There is not yet sufficient evidence to recommend one specific first-line treatment for BNS. High-dose methotrexate or cytarabine, purine analogues, and bendamustine have all shown efficacy [5]. Rituximab is a popular adjunctive immunotherapy, although there is conflicting evidence about both its efficacy [4-6] and CNS penetration [10]. The Bruton tyrosine kinase (BTK) inhibitor ibrutinib has become a popular choice among practitioners. In a study of 28 BNS patients treated with ibrutinib, 85% showed symptomatic improvement [11]. Interestingly, although one case report describes a patient with BNS refractory to methotrexate and rituximab who responded avidly to ibrutinib [12], our patient followed the opposite sequence. His initial response to ibrutinib eventually gave way to disease relapse, which has since been under control with methotrexate and rituximab. This suggests that it is reasonable to switch to another regimen in the case of nonresponse or relapse. Second-generation BTK inhibitors have demonstrated safety and efficacy for WM patients [13-14] and may prove useful in treating BNS as well. Finally, autologous stem cell transplant has achieved remarkable results in a small case series, where 11/14 patients with BNS showed disease response and 10/14 remained in remission at three years [15]. The prognosis of BNS remains unclear; a 34-patient series estimated three-year survival at 59% [4], whereas a 44-patient series estimated five-year survival at 71% [6].

Conclusions

Although rare, BNS is likely underdiagnosed. Its nonspecific neurologic symptoms may mimic the hyperviscosity syndrome and peripheral neuropathy seen in conventional WM. However, new, persistent, and asymmetric symptoms are atypical of WM alone and should raise suspicion for BNS. Clinicians must remain vigilant, as BNS may be the only sign of WM progression in a patient well-controlled on treatment. Furthermore, as in our patient, up to one-third of cases of BNS cases can present as the initial manifestation of WM.

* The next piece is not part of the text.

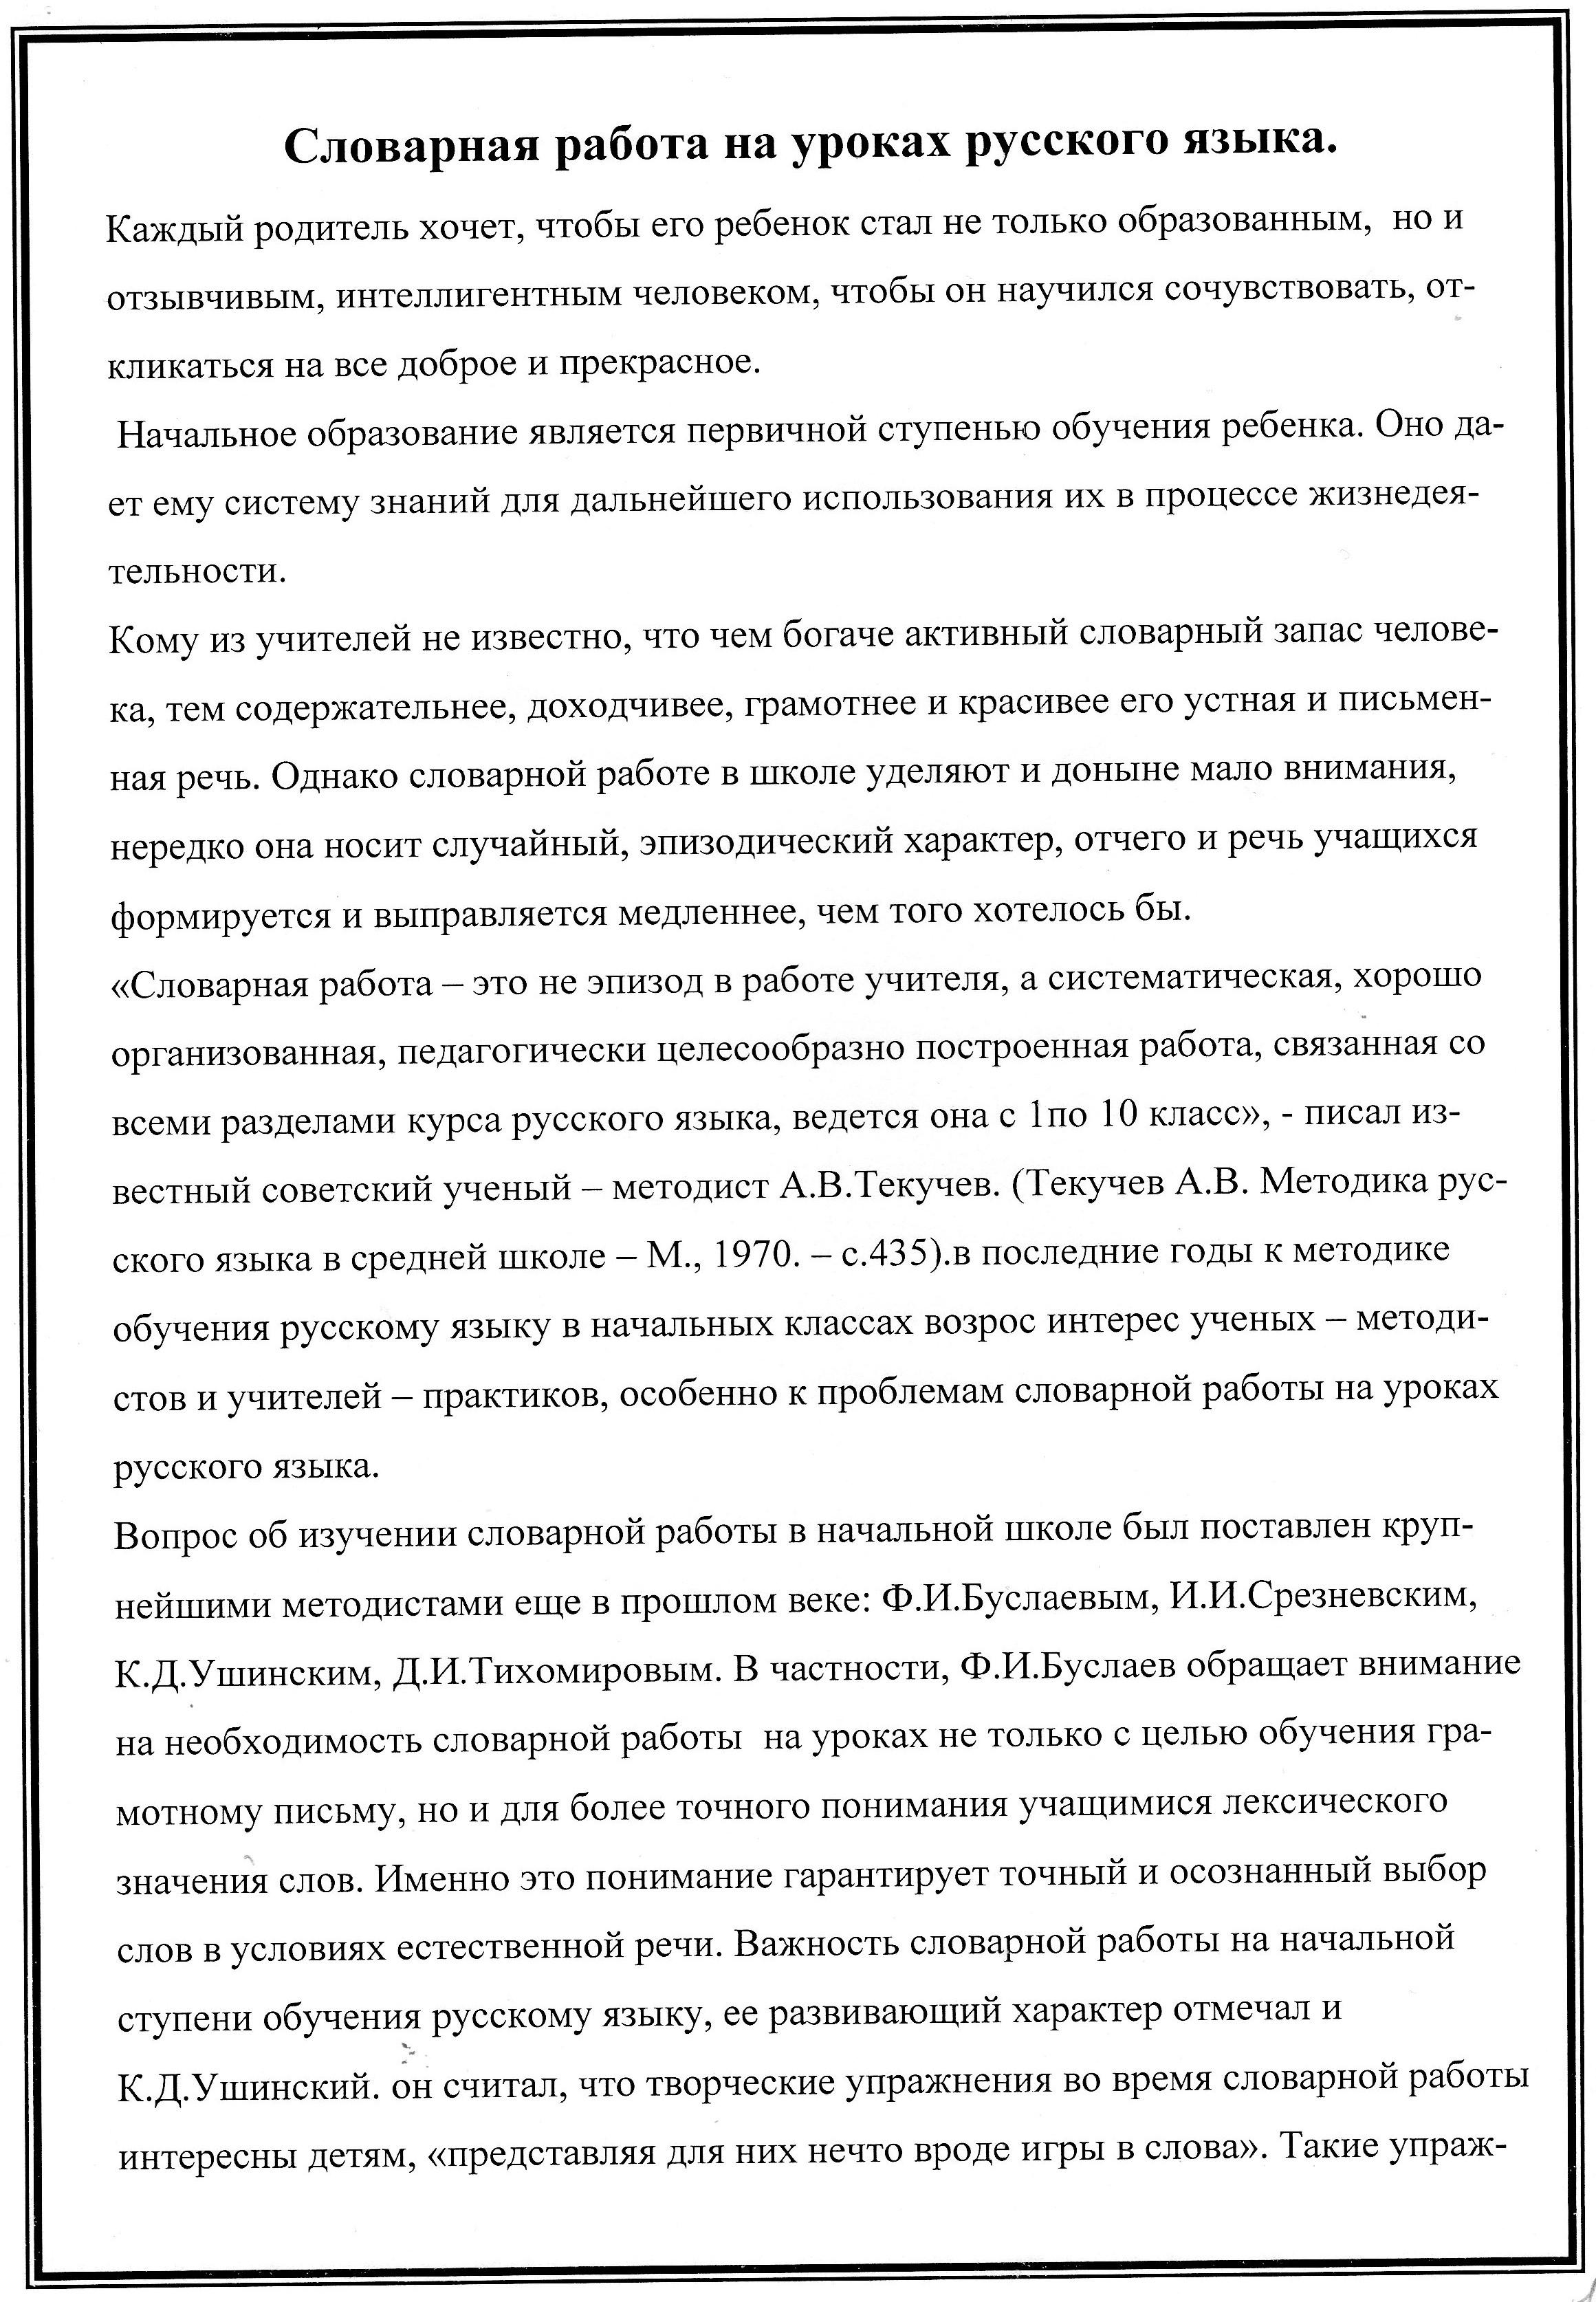 Актуальные темы для доклада по русскому языку 3854
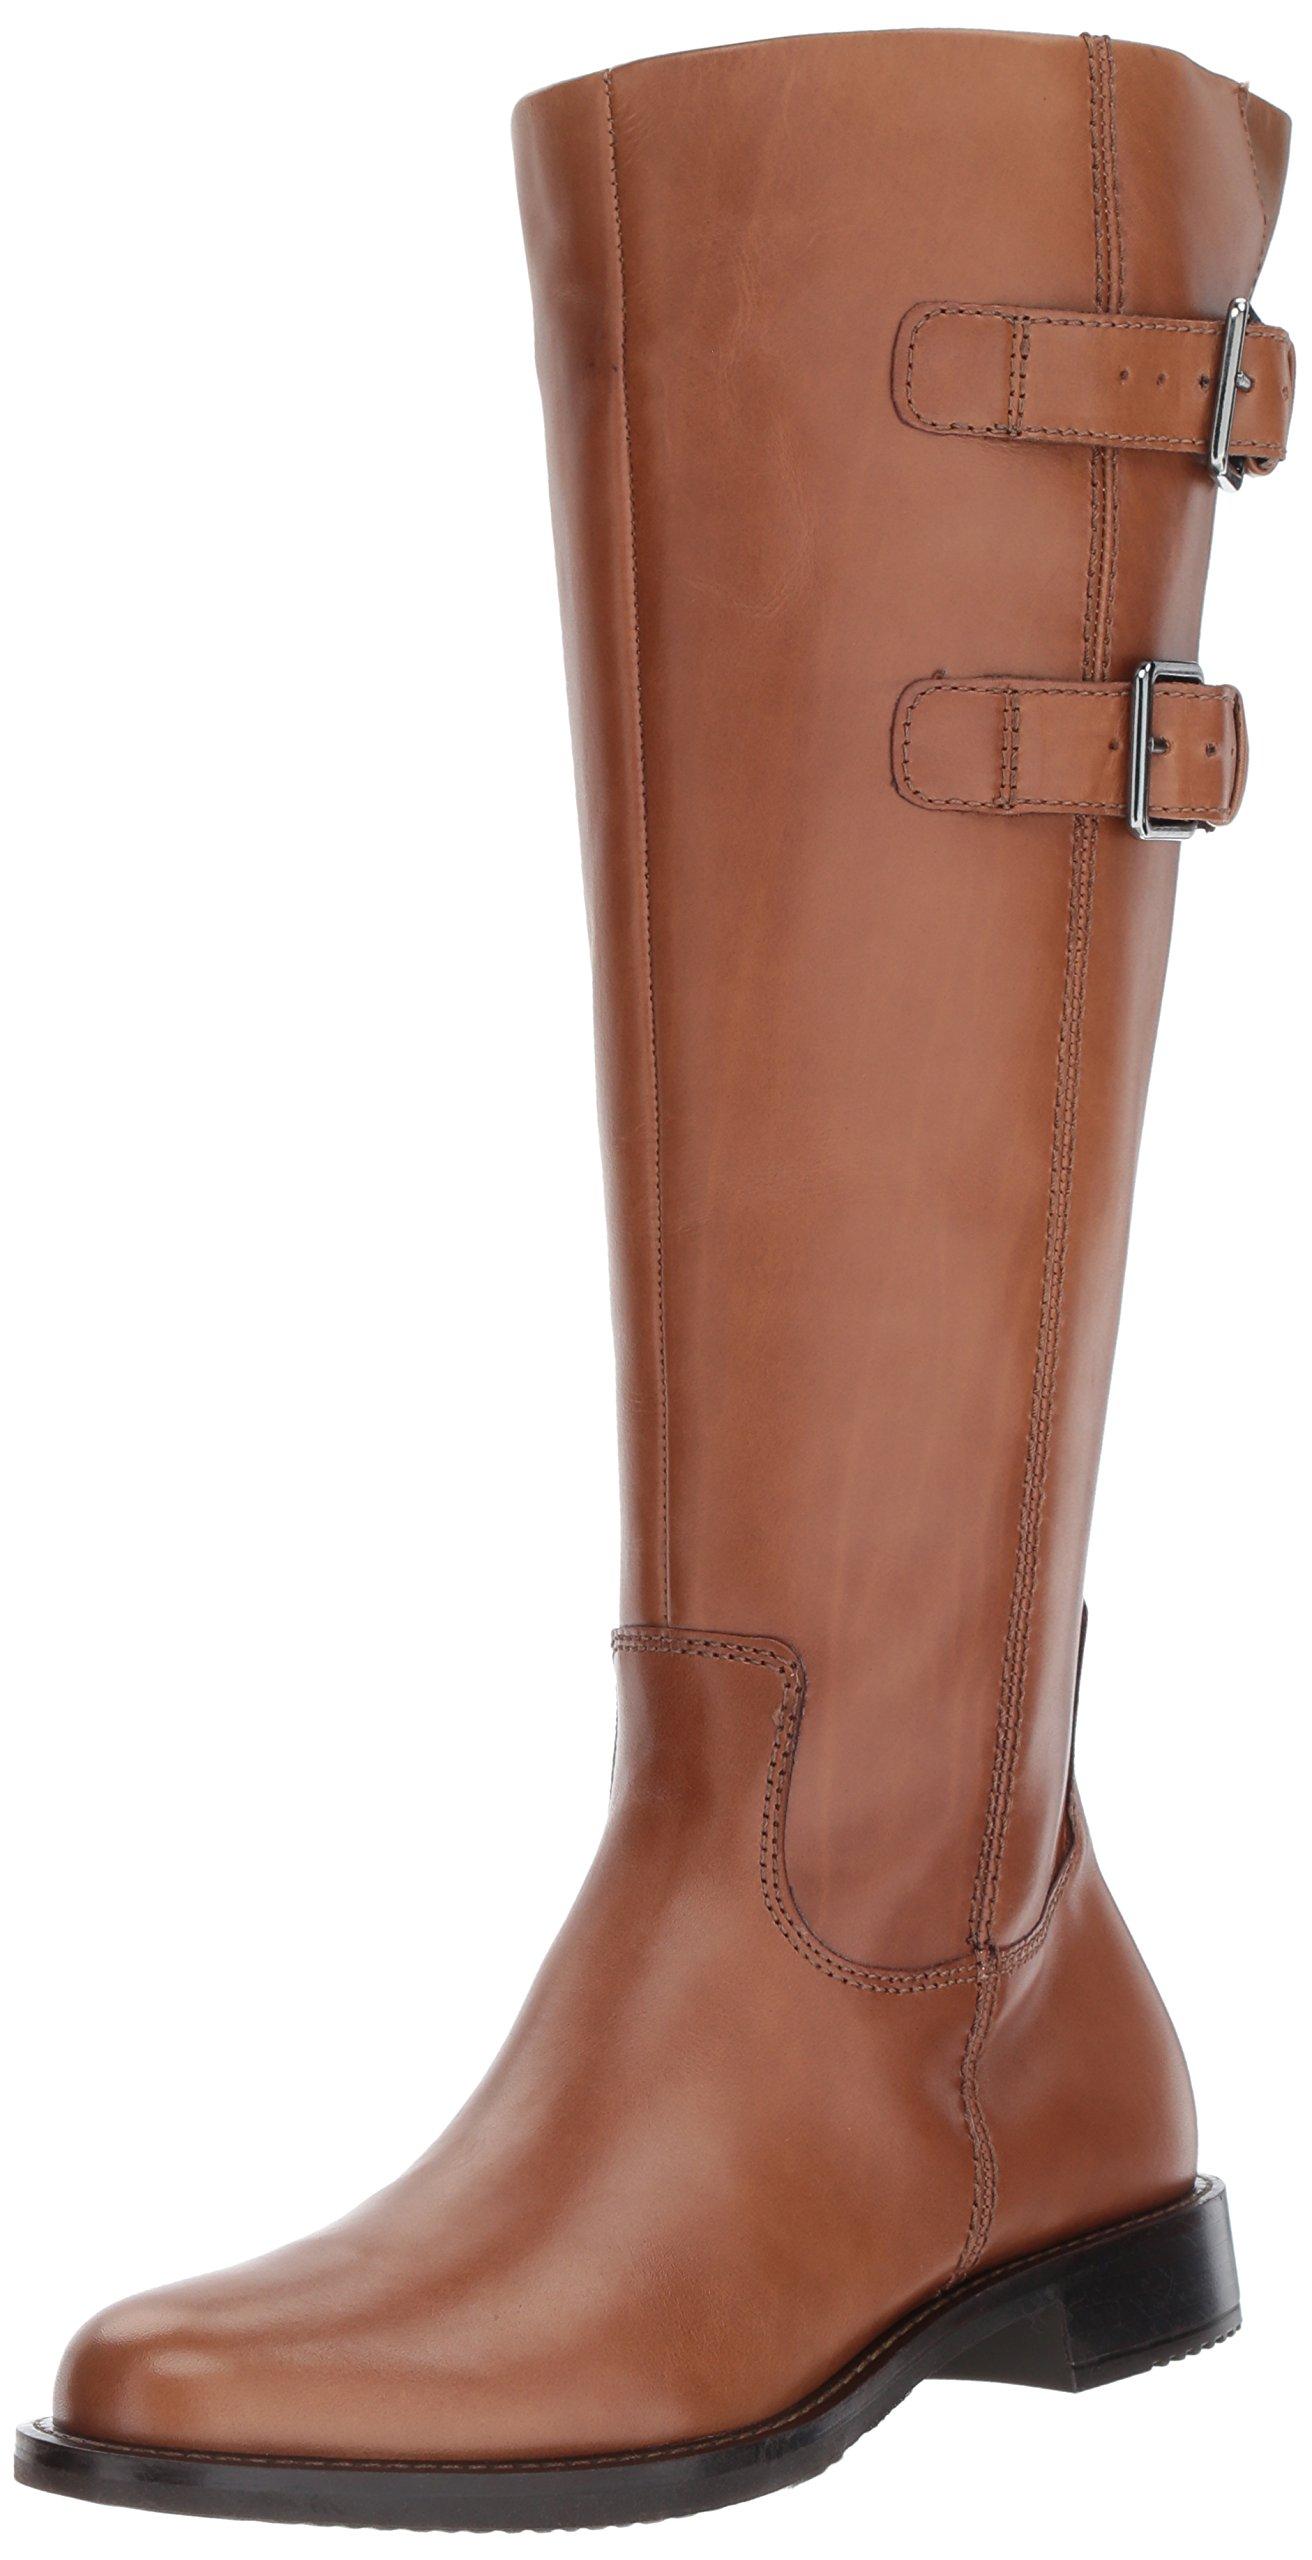 ECCO Women's Shape 25 Tall Buckle Riding Boot,Camel,38 EU/7-7.5 M US

Radiologic features and the MYD88L265P mutation are important clues pointing toward BNS, but definitive diagnosis requires CNS biopsy or cerebrospinal fluid (CSF) analysis. There remains no gold-standard treatment regimen for BNS. Due to its rarity, a randomized controlled trial is likely not feasible. Therefore, a high-quality meta-analysis of existing reports will be valuable to determine the optimal treatment.